───── Data provided ─────

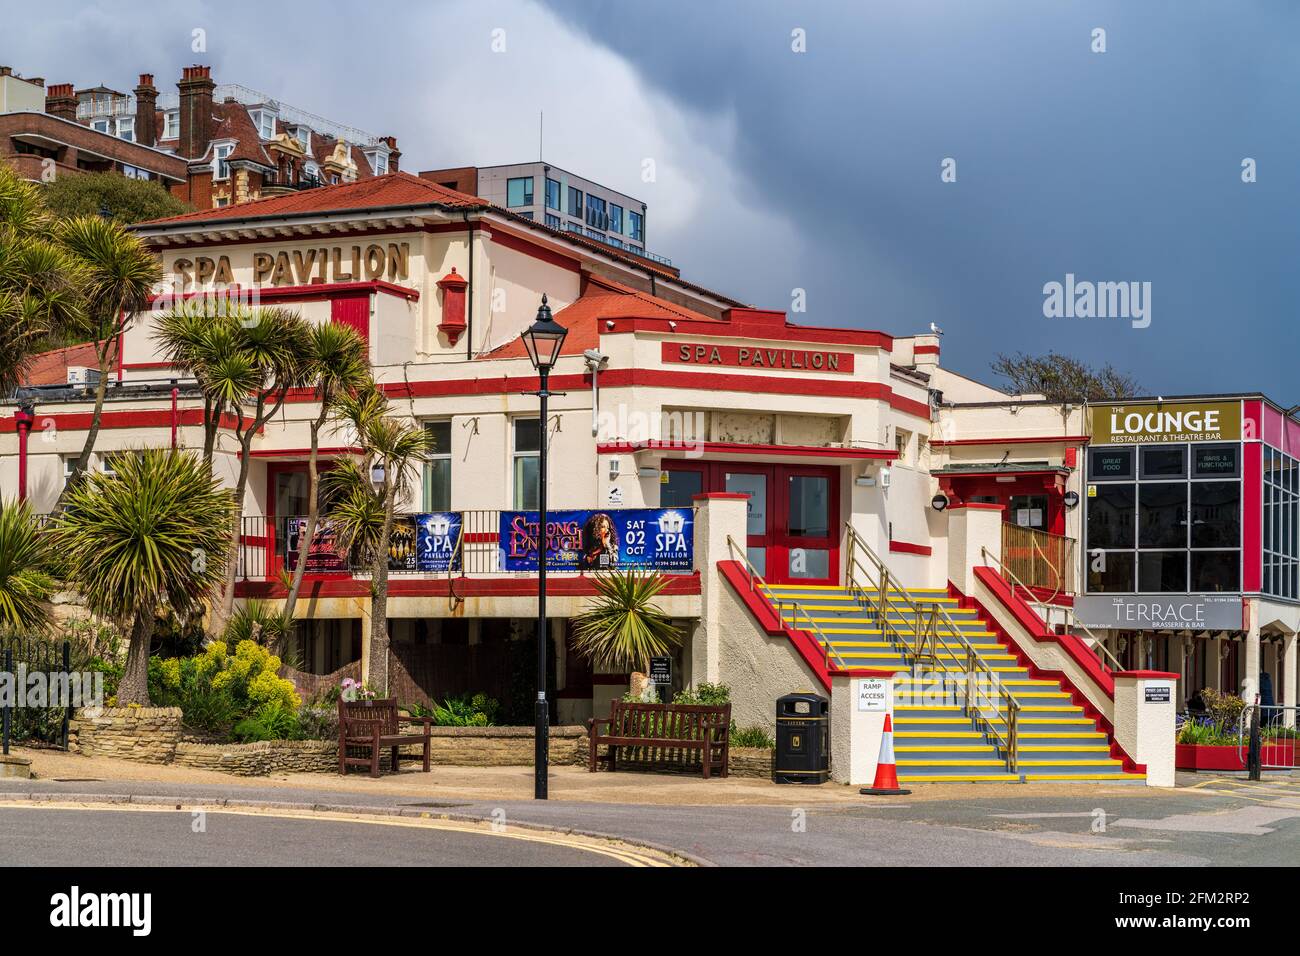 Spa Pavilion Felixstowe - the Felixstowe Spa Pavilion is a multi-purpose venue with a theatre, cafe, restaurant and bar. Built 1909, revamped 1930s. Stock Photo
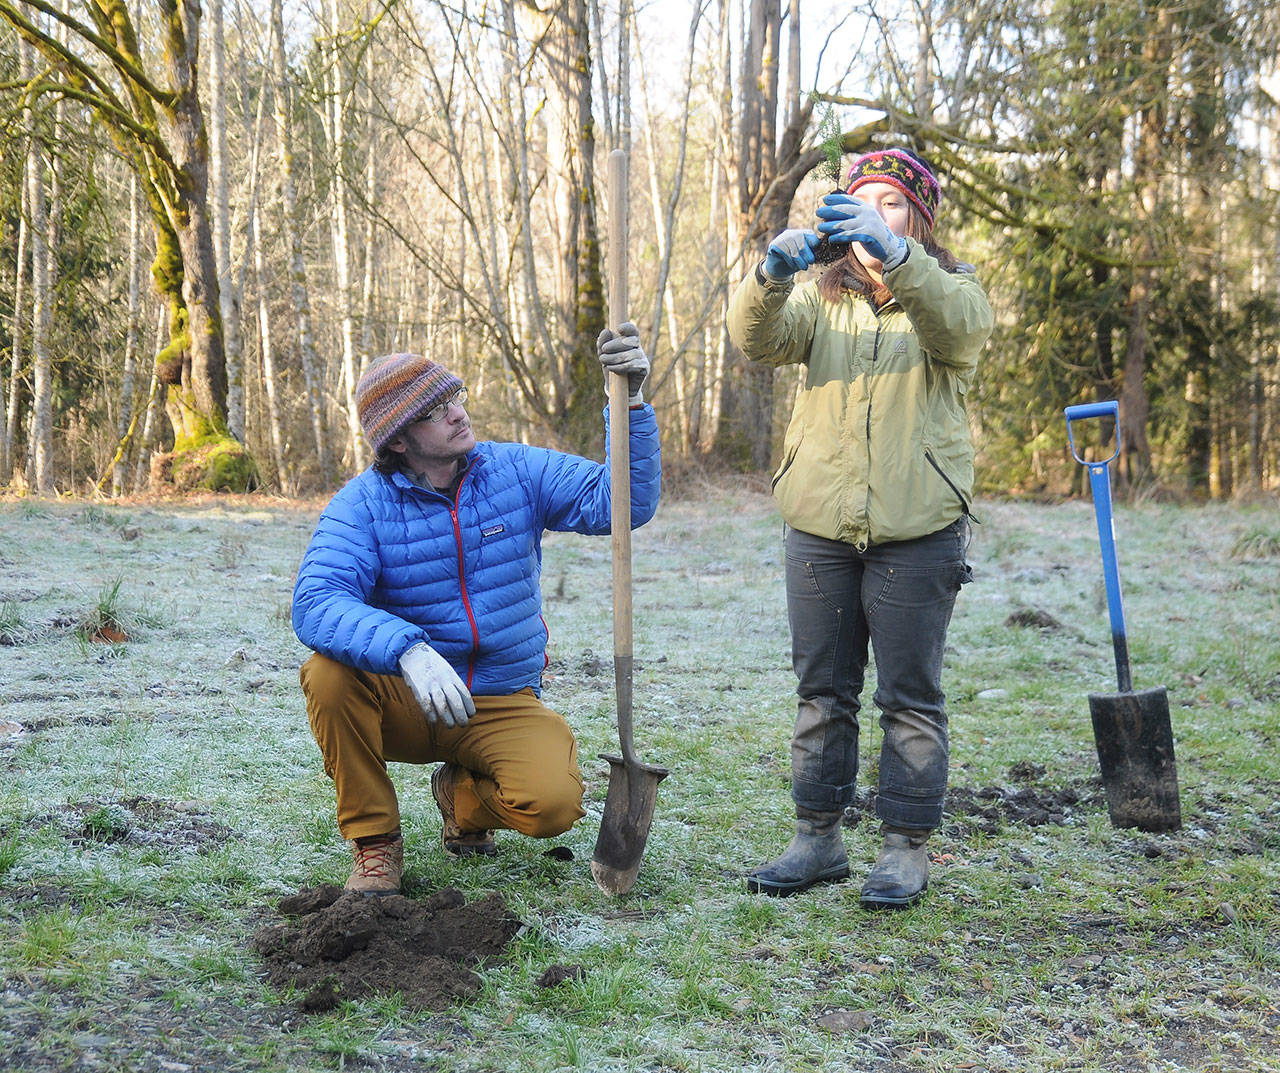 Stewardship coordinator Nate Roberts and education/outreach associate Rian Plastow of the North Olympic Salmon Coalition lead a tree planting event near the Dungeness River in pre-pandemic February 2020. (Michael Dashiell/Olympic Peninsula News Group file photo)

─────
───── Data provided ─────

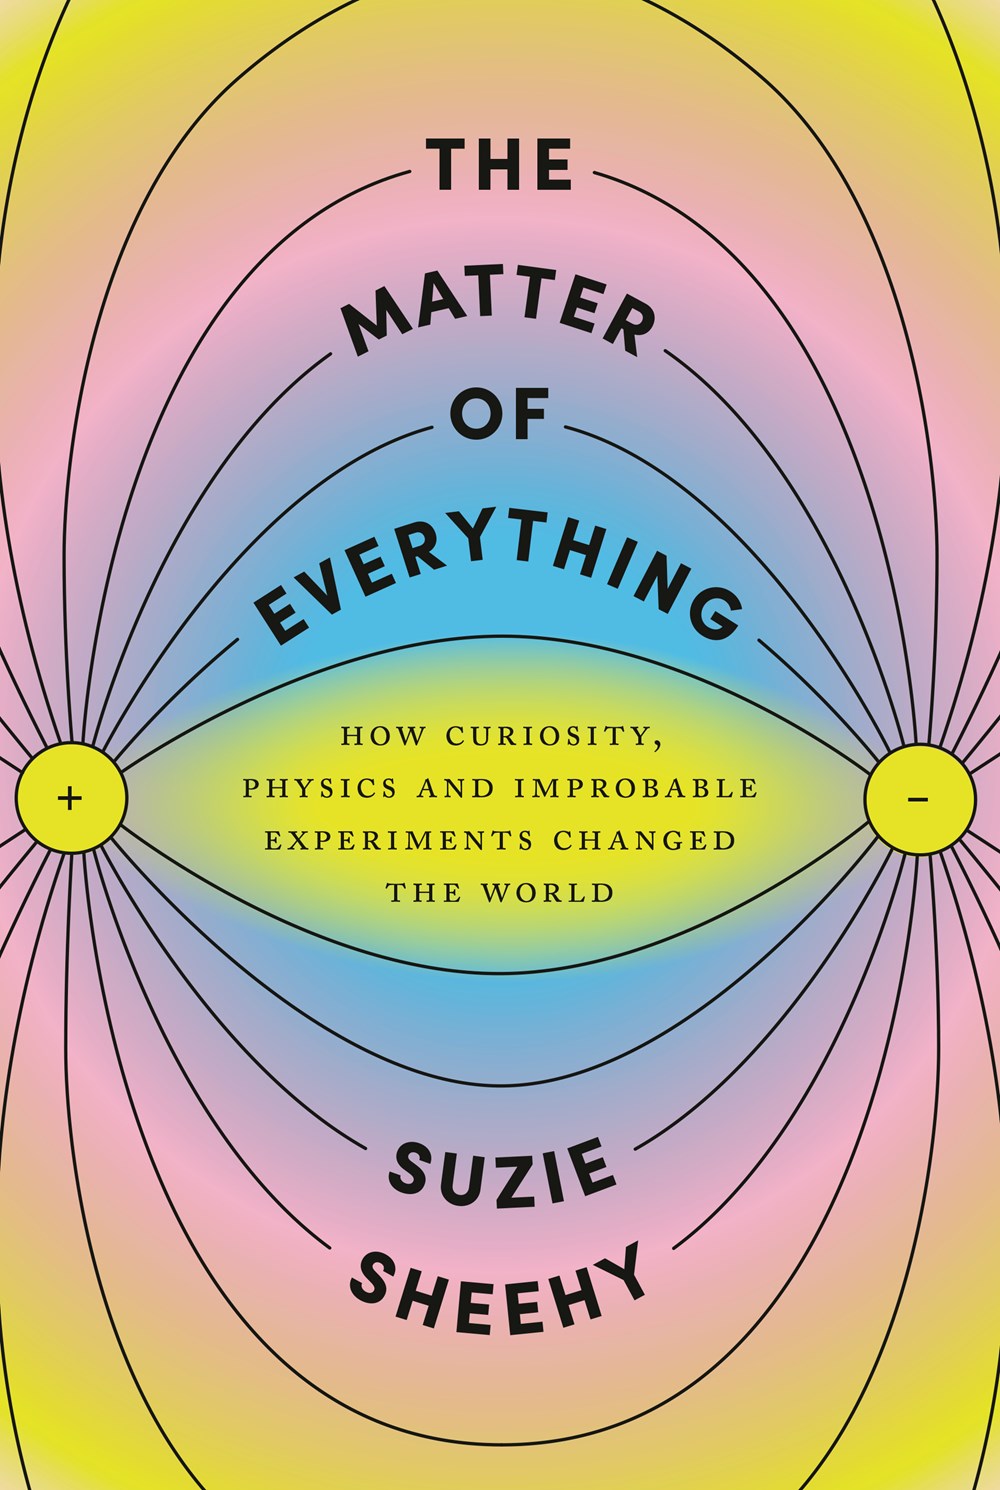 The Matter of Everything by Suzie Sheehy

─────
───── Data provided ─────

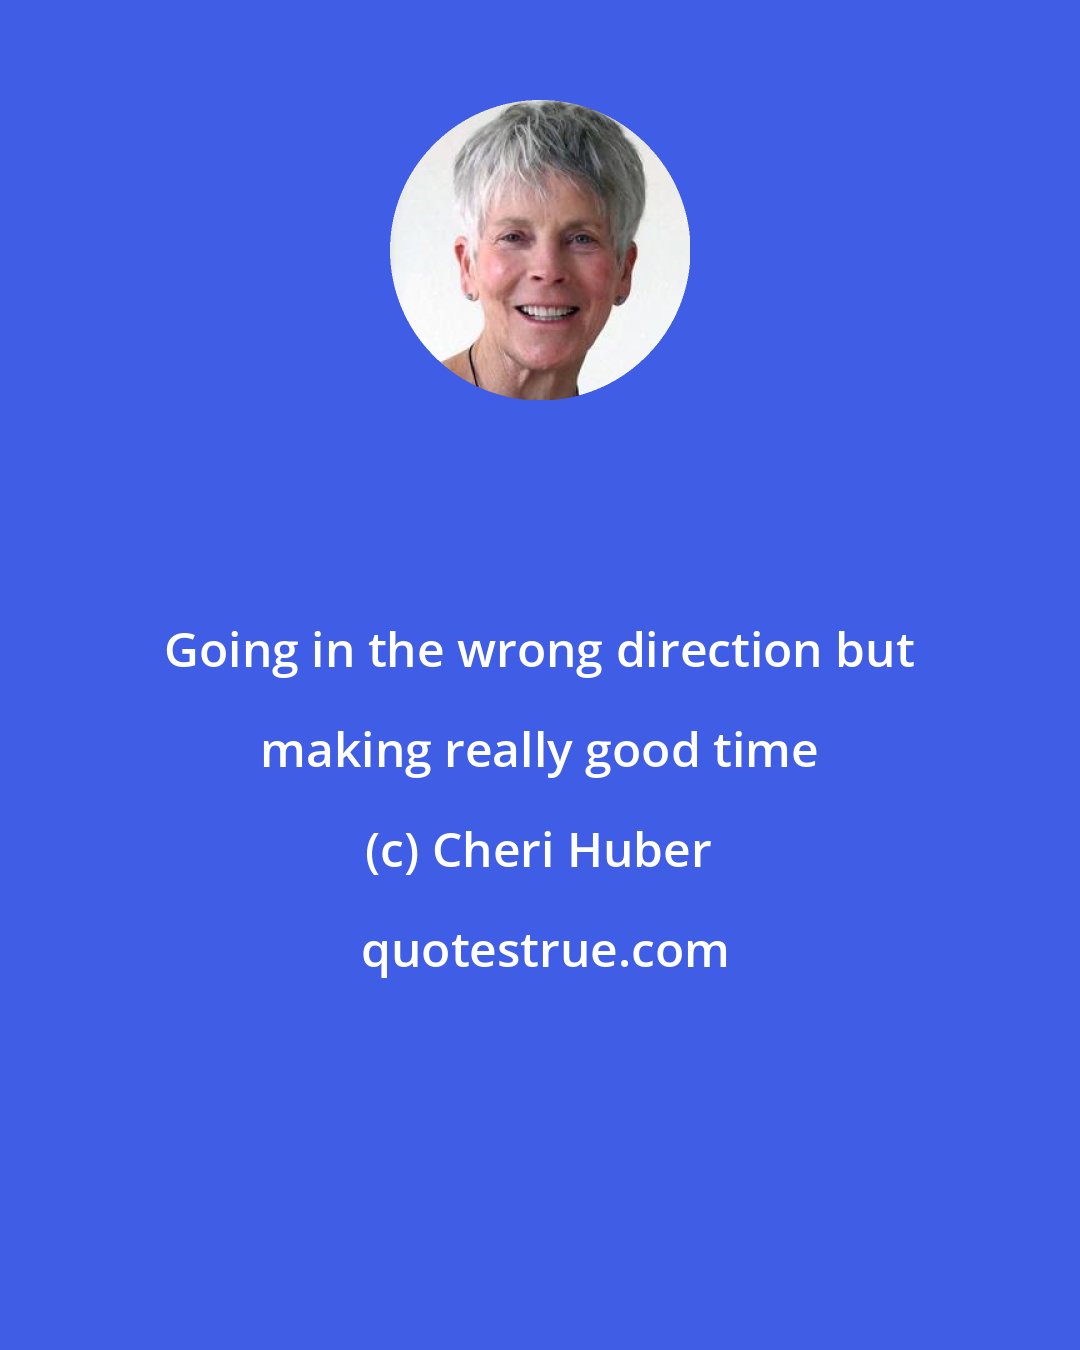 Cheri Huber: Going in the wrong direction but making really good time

─────

* [Exercise directions]: Repeat exactly the lines above, from the line that contains "Spa Pavilion Felixstowe" down through the line that contains "Stewardship coordinator Nate". Include both of those lines and none of the pictures.

* [Exercise response]:
 Spa Pavilion Felixstowe - the Felixstowe Spa Pavilion is a multi-purpose venue with a theatre, cafe, restaurant and bar. Built 1909, revamped 1930s. Stock Photo
 Stewardship coordinator Nate Roberts and education/outreach associate Rian Plastow of the North Olympic Salmon Coalition lead a tree planting event near the Dungeness River in pre-pandemic February 2020. (Michael Dashiell/Olympic Peninsula News Group file photo)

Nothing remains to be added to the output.